4- Ordem parcialmente concedida, para determinar a anulação do julgamento do recurso de apelação interposto pela defesa, para que outro acórdão seja proferido, com a observância da prévia intimação pessoal da Defensoria Pública do Estado de São Paulo, ficando impedida a elevação da pena ratificada no acórdão anterior, evitando-se reformatio in pejus.

5- Recomendação feita.

Sobre a prerrogativa da necessidade de mandato ao defensor público, esta deriva do fato de que a natureza jurídica da representação do assistido, em Juízo, decorre de lei e investidura no cargo, porém, é importante destacar que tal prerrogativa ainda e objeto equívoco, não obstante o entendimento tranqüilo dos tribunais, a exemplo do STJ, conforme decisão em análise:

ASSISTÊNCIA JUDICIÁRIA. DEFENSOR PÚBLICO. JUNTADA DE INSTRUMENTO DE

MANDATO OU DE DESIGNAÇÃO. DESNECESSIDADE.

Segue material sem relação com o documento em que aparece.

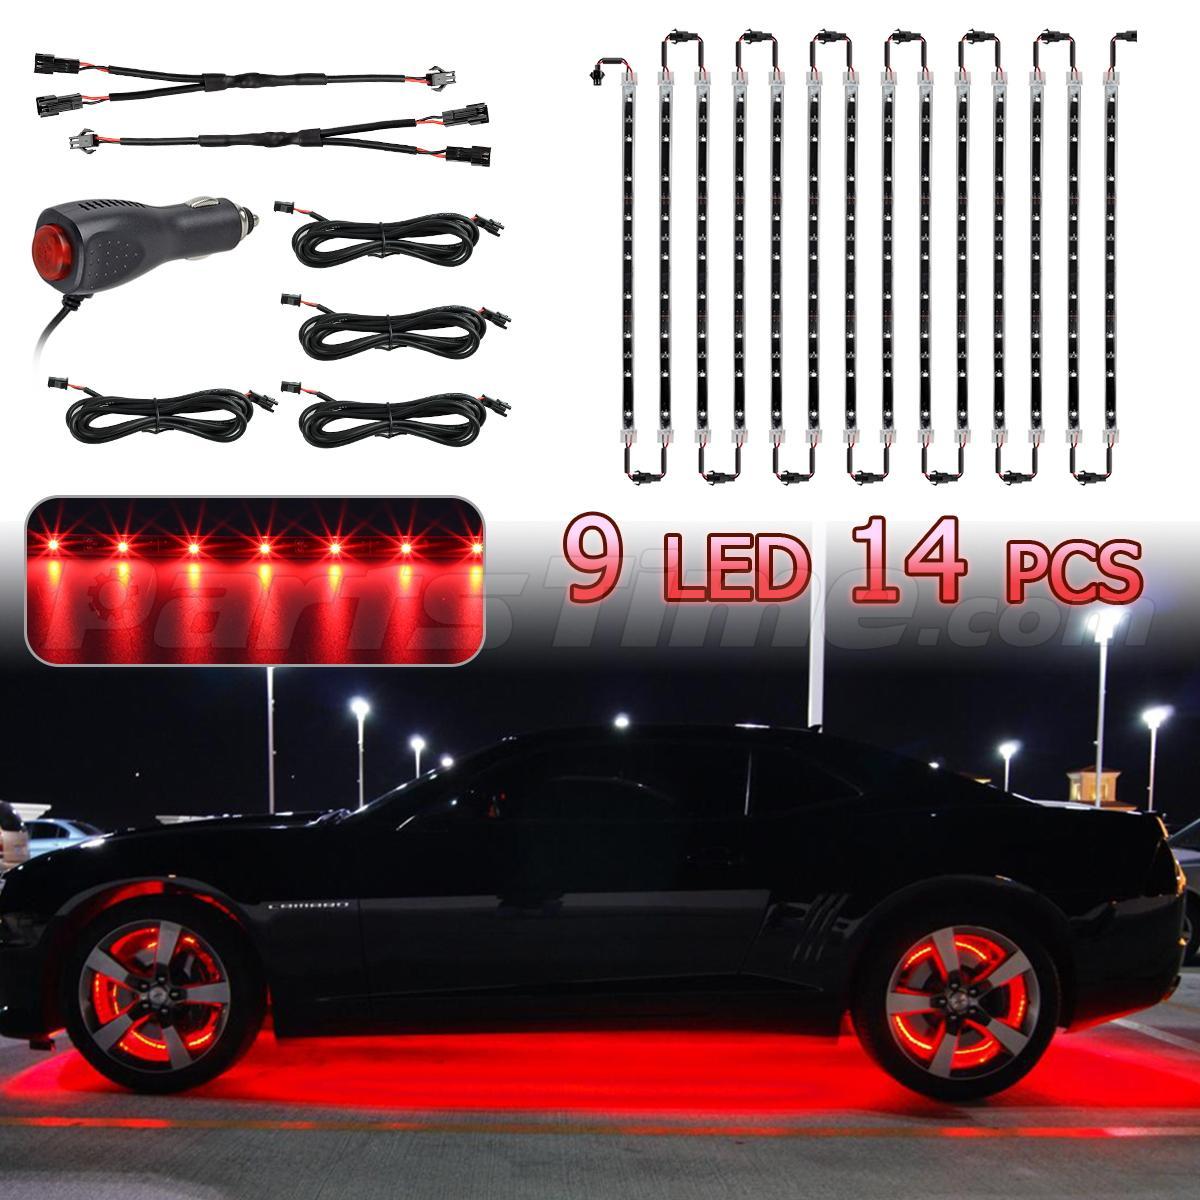 Set 14 Tubes Red Car Underbody Under Glow LED Light Strip 9 3528 SMD  Lighting

- O Defensor Público incumbido de prestar assistência judiciária acha-se dispensado de apresentar instrumento de mandato ou de comprovar a sua designação.

Recurso especial conhecido e provido.

REsp 216383 / MG, Rel. Ministro BARROS MONTEIRO, QUARTA TURMA , julgado em 03.05.2001, DJ 27.08.2001, p. 341)

O acórdão de tal julgado decidiu que:

Vistos e relatados estes autos em que são partes as acima indicadas:

Decide a Quarta Turma do Superior Tribunal de Justiça, por unanimidade, conhecer do recurso e dar-lhe provimento, na forma do relatório e notas taquigráficas precedentes que integram o presente julgado. Votaram com o Relator os Srs. Ministros Cesar Asfor Rocha, Ruy Rosado de Aguiar, Aldir Passarinho Júnior e Sálvio de Figueiredo Teixeira.

Sobre esse assunto, Rocha (2005, p. 5), assim se manifestou:

Ora, uma vez que se procura a Defensoria Pública – cujos órgãos de execução, os Defensores Públicos, tem fé publica – está implícito o estado de carência e por conseqüência, assegurado o direito legal à justiça gratuita. Sendo redundante e desnecessária fazer tal pedido ou assinar a declaração [...].

O poder de requisição, por sua vez, é a ordem a autoridades públicas para providências, diligências, etc, para o melhor exercício de suas funções. É uma oportunidade de articulação positiva.